What requirements must the facility and the material obtained meet in order to acquire probative value in court? According to the technician, principles such as “proportionality, reasonableness and suitability” must be used, and for this he presents as an example an order of the Supreme Court dated February 16, 2022.

This resolution, says Dombriz, determined whether the evidence obtained was valid and, consequently, whether the dismissal carried out should be considered appropriate or null. The key to agreeing with the company was “the degree of minimal intrusion, due to the area and people involved, dealing with a recording limited to what is strictly necessary and on a temporary basis.” The employer had observed vandalism acts of destruction of several beverage vending machines in the workplace dining room, and the investigation, carried out by a detective agency, was based on the exclusive recording of the affected area, without focusing on the rest of the the room and without accompanying sound recording.

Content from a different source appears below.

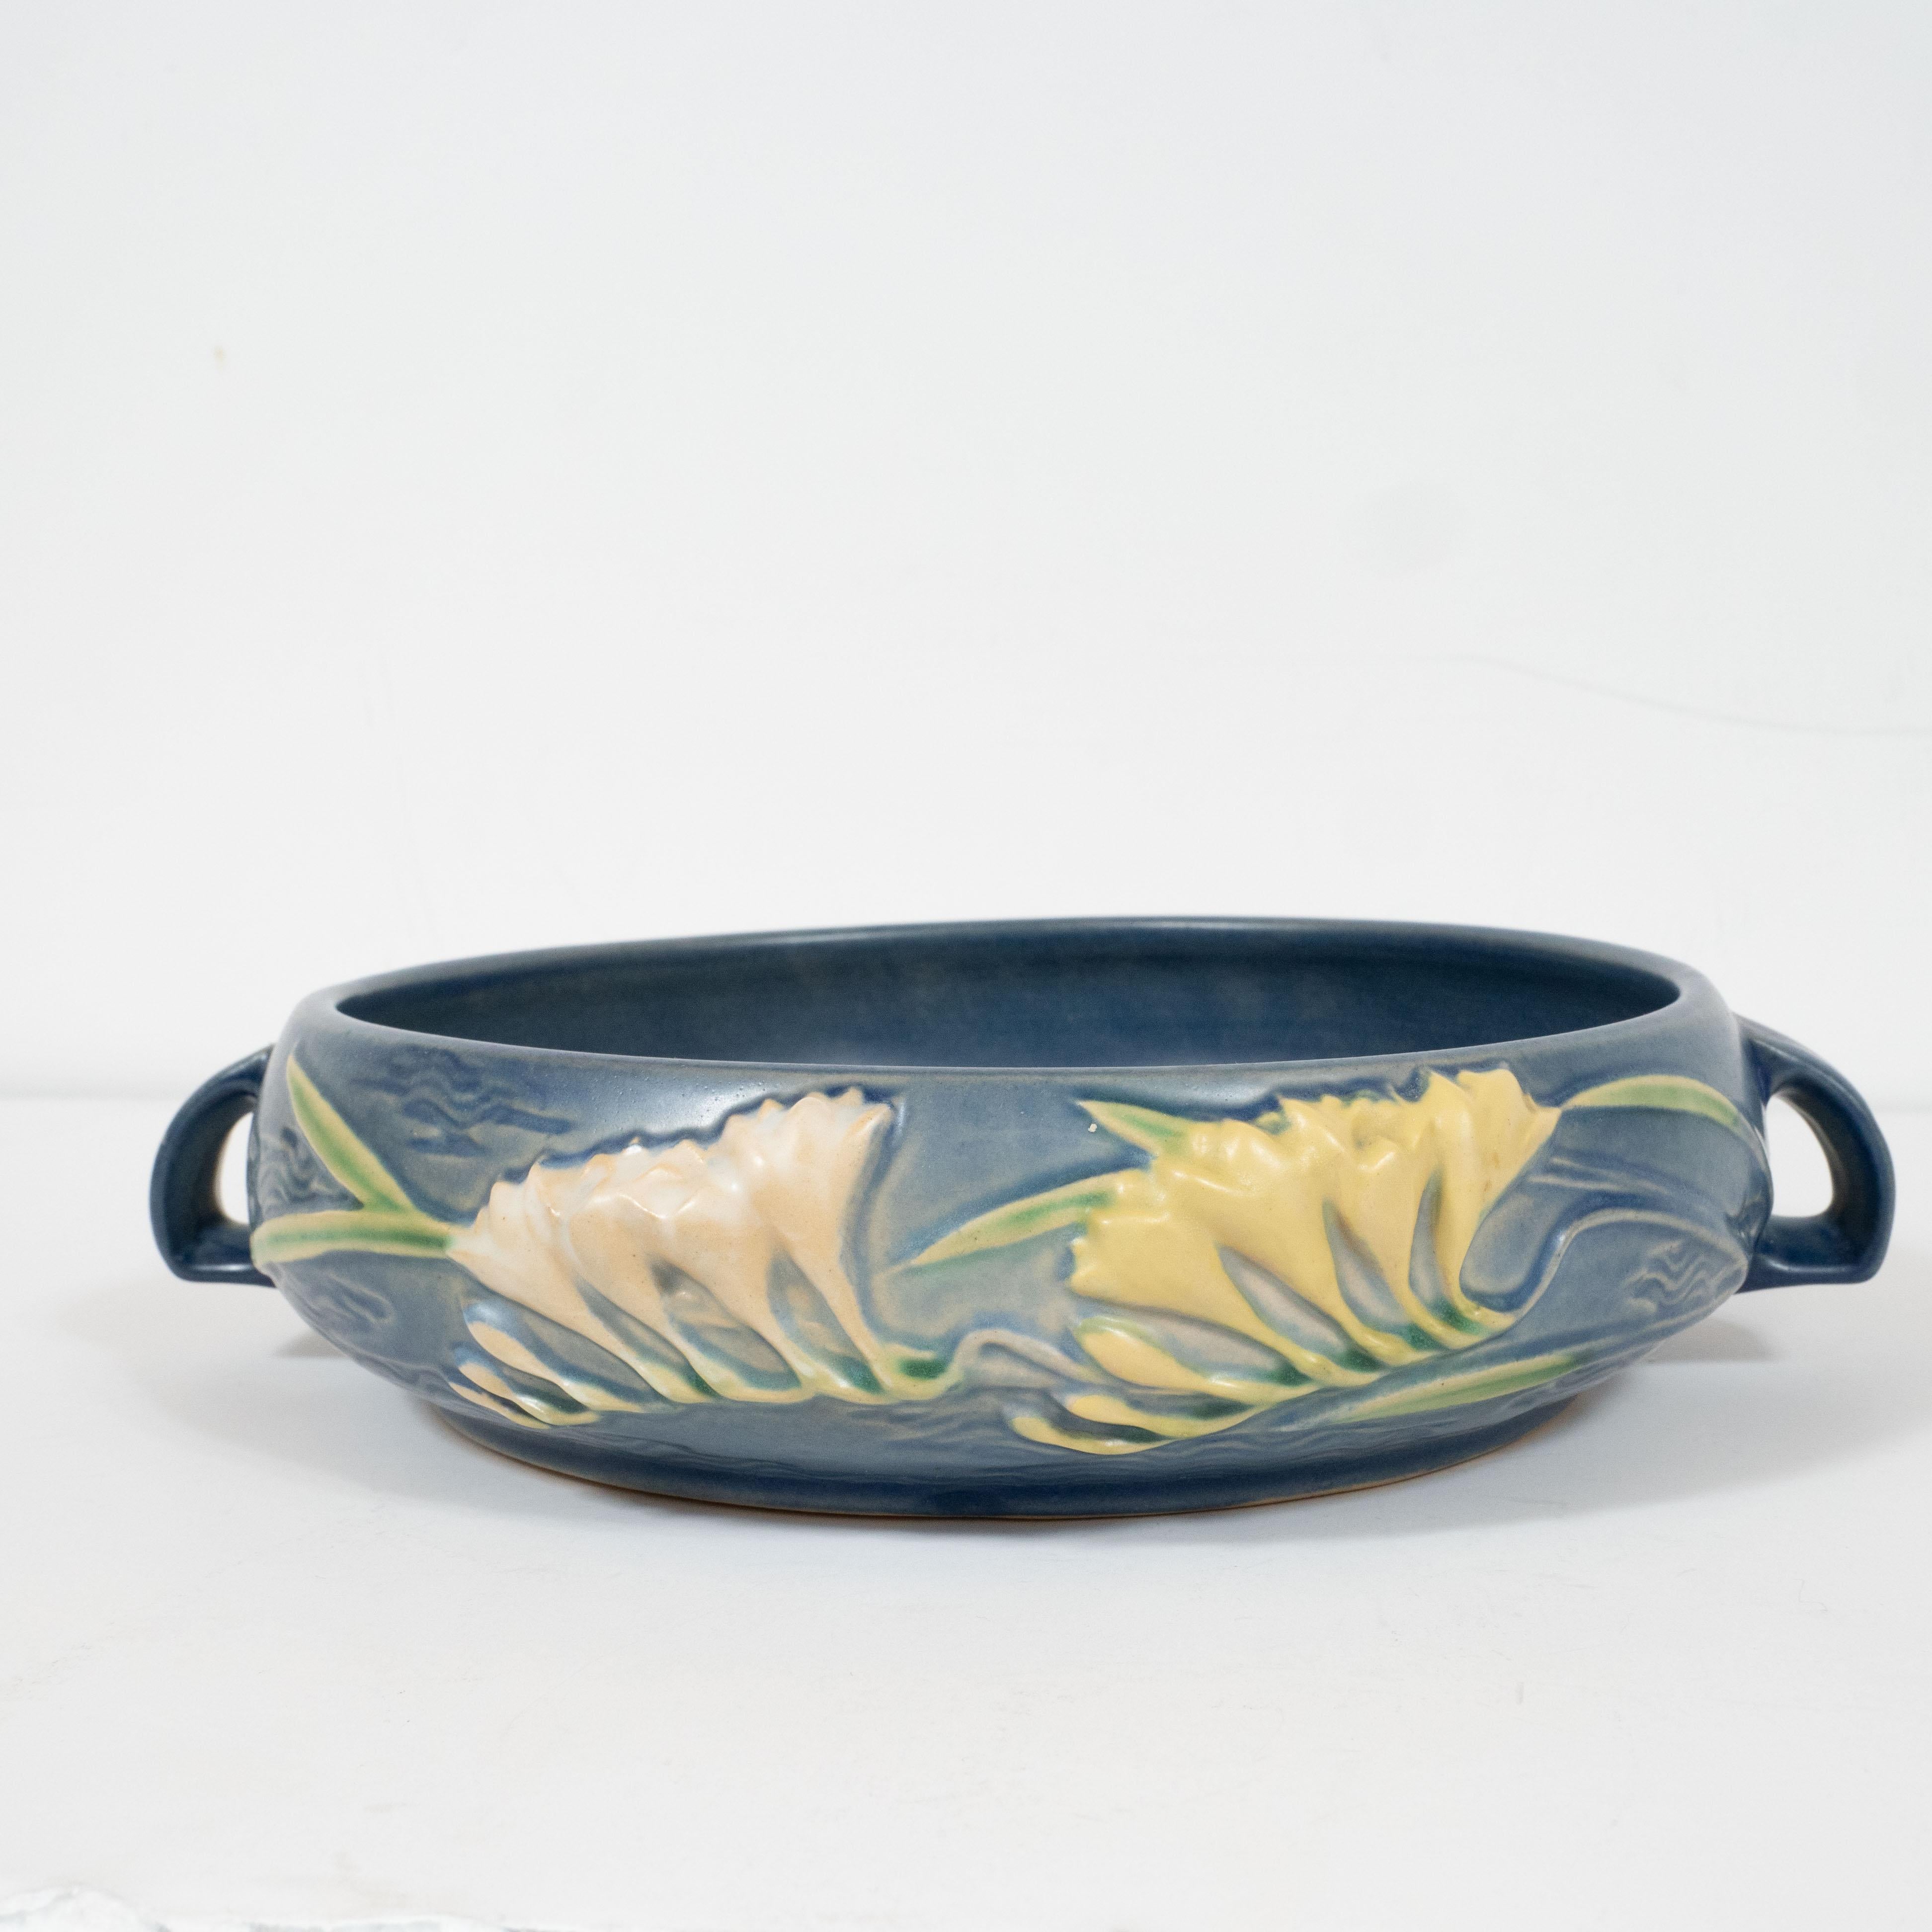 Diese elegante Art-Déco-Schale wurde um 1930 von dem angesehenen Hersteller Roseville Pottery in den Vereinigten Staaten hergestellt. Der gewölbte, runde Korpus ist in einem satten Indigo-Farbton gehalten, mit Maiglöckchenblüten in Relief und

On the contrary, if an illegitimate use of the evidentiary material is decreed, the effects may be diverse. For Jorge Sarazá, there are many possibilities: “responsibility will depend on the degree and scope of the breach by the company: it may range from the mere invalidation or declaration of nullity, in a subsequent trial, of the evidence obtained illegally, passing through sanctions of competent bodies (Data Protection Agency, Labor Inspection, etc.) until considering the violation of fundamental rights that can generate compensation for damages.

In short, prior to the installation of any device, the employer must reflect on these extremes. In the words of Sarazá, “the cameras can be installed for control purposes, complying with the legal requirements, but not in a systematic, general way and for any purpose”. After analyzing and complying with the duty of information, together with “the triple judgment of suitability, necessity and proportionality to know if the installation is adequate or reasonable”, planning is recommended: “to have an internal policy in the company that regulates these aspects will be key to the success and assessment of the test”.